Лабораторные исследования биологических жидкостей пациента не выполняются, поскольку при наличии данной патологии они не имеют диагностической ценности.

Инструментальная диагностика подразумевает проведение таких процедур:

• рентгенография и МРТ поражённых конечностей;
• электромиография;
• реовазография;
• стабилография;
• подография.

Реовазография

Поскольку основные причины заключаются в наследственной предрасположенности, то генетическая диагностика может включать в себя:

• генеалогический анализ;
• осуществление 3Д-УЗИ, во время беременности в промежутке с двадцатой по двадцать четвёртую неделю внутриутробного развития малыша;
• оценивания риска появления на свет малыша с брахидактилией.

Основополагающую роль в установлении окончательного диагноза играет ДНК-диагностика.

Необходимо отметить, что протекание изолированной брахидактилии не является причиной прерывания беременности.

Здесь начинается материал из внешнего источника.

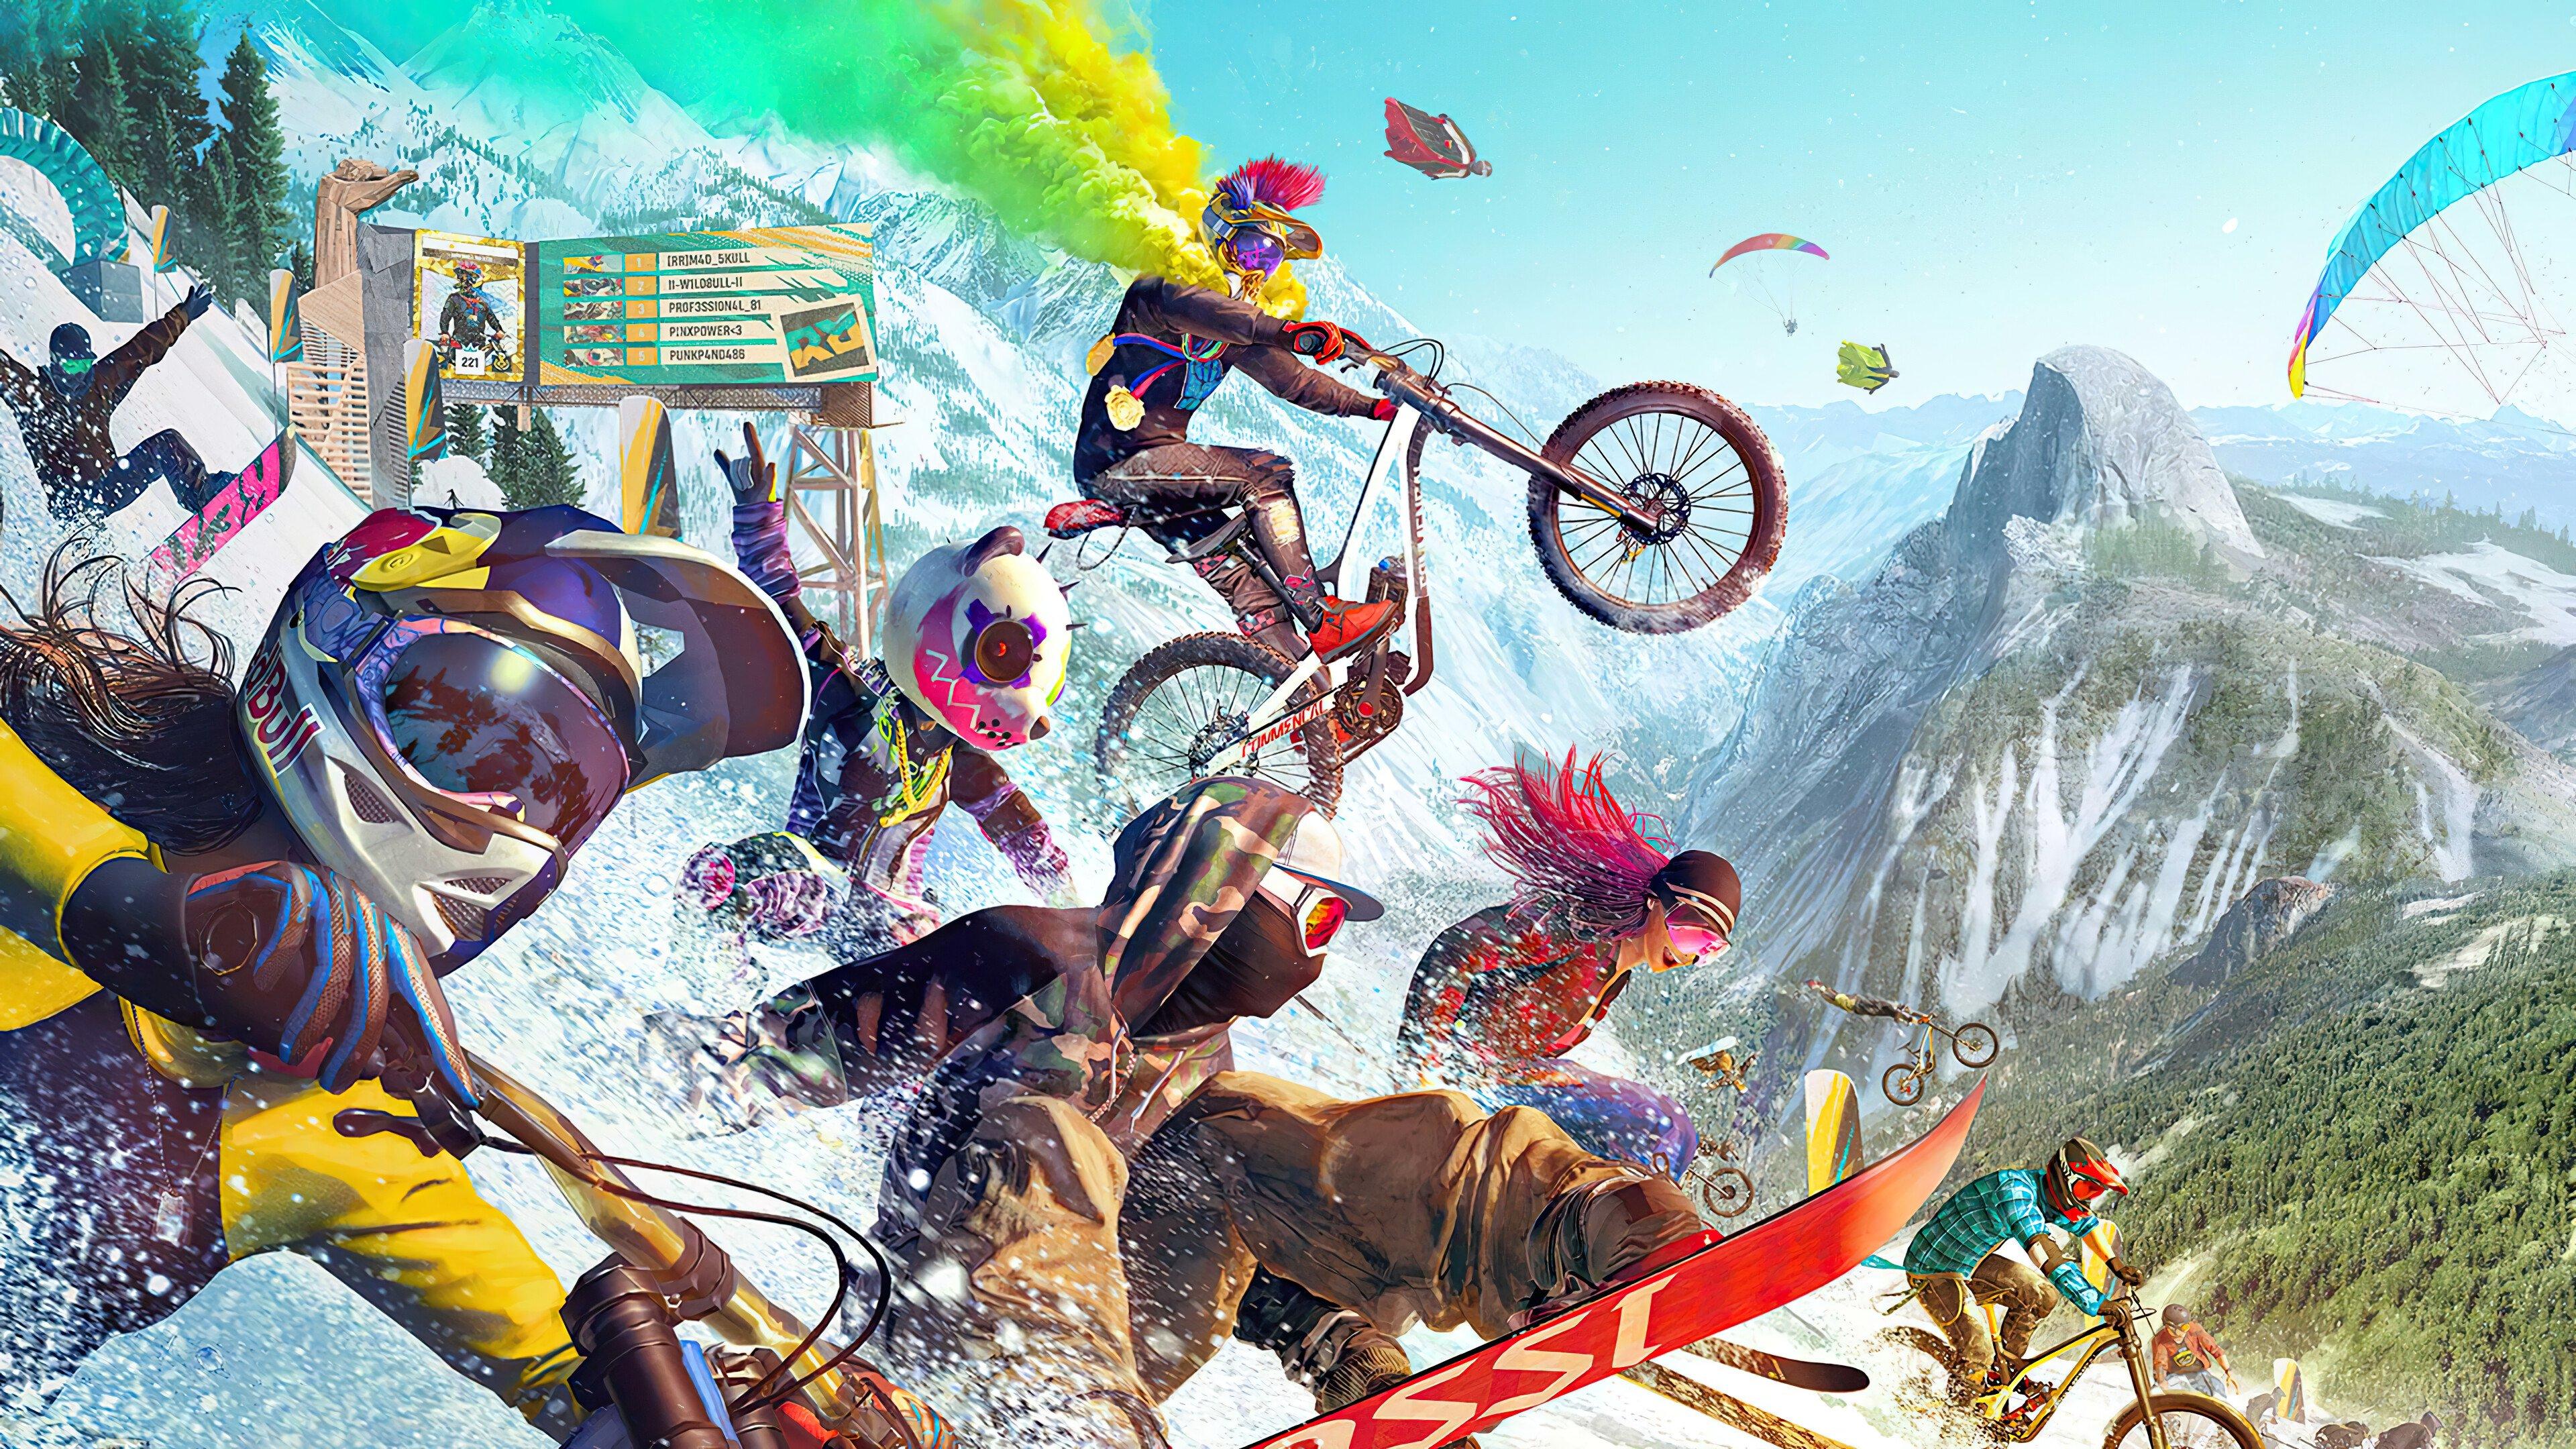 Fondos de pantalla Riders Republic Extreme Sports

Однако при наличии сопутствующих синдромов вопрос об искусственном прерывании периода вынашивания ребёнка решается в индивидуальном порядке.

Лечение

Устранение патологии осуществляется как консервативными, так и хирургическими методиками. Среди неоперабельных способов лечения стоит выделить:

• прохождение курсов лечебного массажа;
• осуществление упражнений ЛФК.

Такие мероприятия помогут:

• привести в норму работу поражённых конечностей;
• развивать и укрепить связочный аппарат и мышцы;
• добиться двигательной активности пальцев рук и ног в полном объёме.

Лечение хирургическим путём направлено на решение нескольких задач:

• ликвидацию симфалангии или синдактилии – при их наличии;
• нормализация линейных размеров поражённой конечности;
• достижение максимально возможного эстетического результата.

Для решения таких вопросов осуществляется:

• дистракция;
• поллицизация;
• аутотрансплантация пальца с нижней конечности на верхнюю;
• разделение сросшихся сегментов с последующей сухожильной, мышечной и костной пластикой.

Из этого следует, что операция, прежде всего, направлена на максимально возможное восстановление функционирование кисти, а эстетический результат отходит на второй план.

Профилактика

Специфических профилактических мероприятий, предупреждающих развитие такого недуга, не существует, поскольку он носит генетический характер.

Единственная профилактическая работа, которая может быть проведена – это консультирование специалиста по генетике пар с отягощённой наследственностью. Это необходимо для зачатия ребёнка.

Прогноз болезни зачастую благоприятный – хирургическое вмешательство помогает полностью вылечить недуг или свести его внешние проявления к минимуму.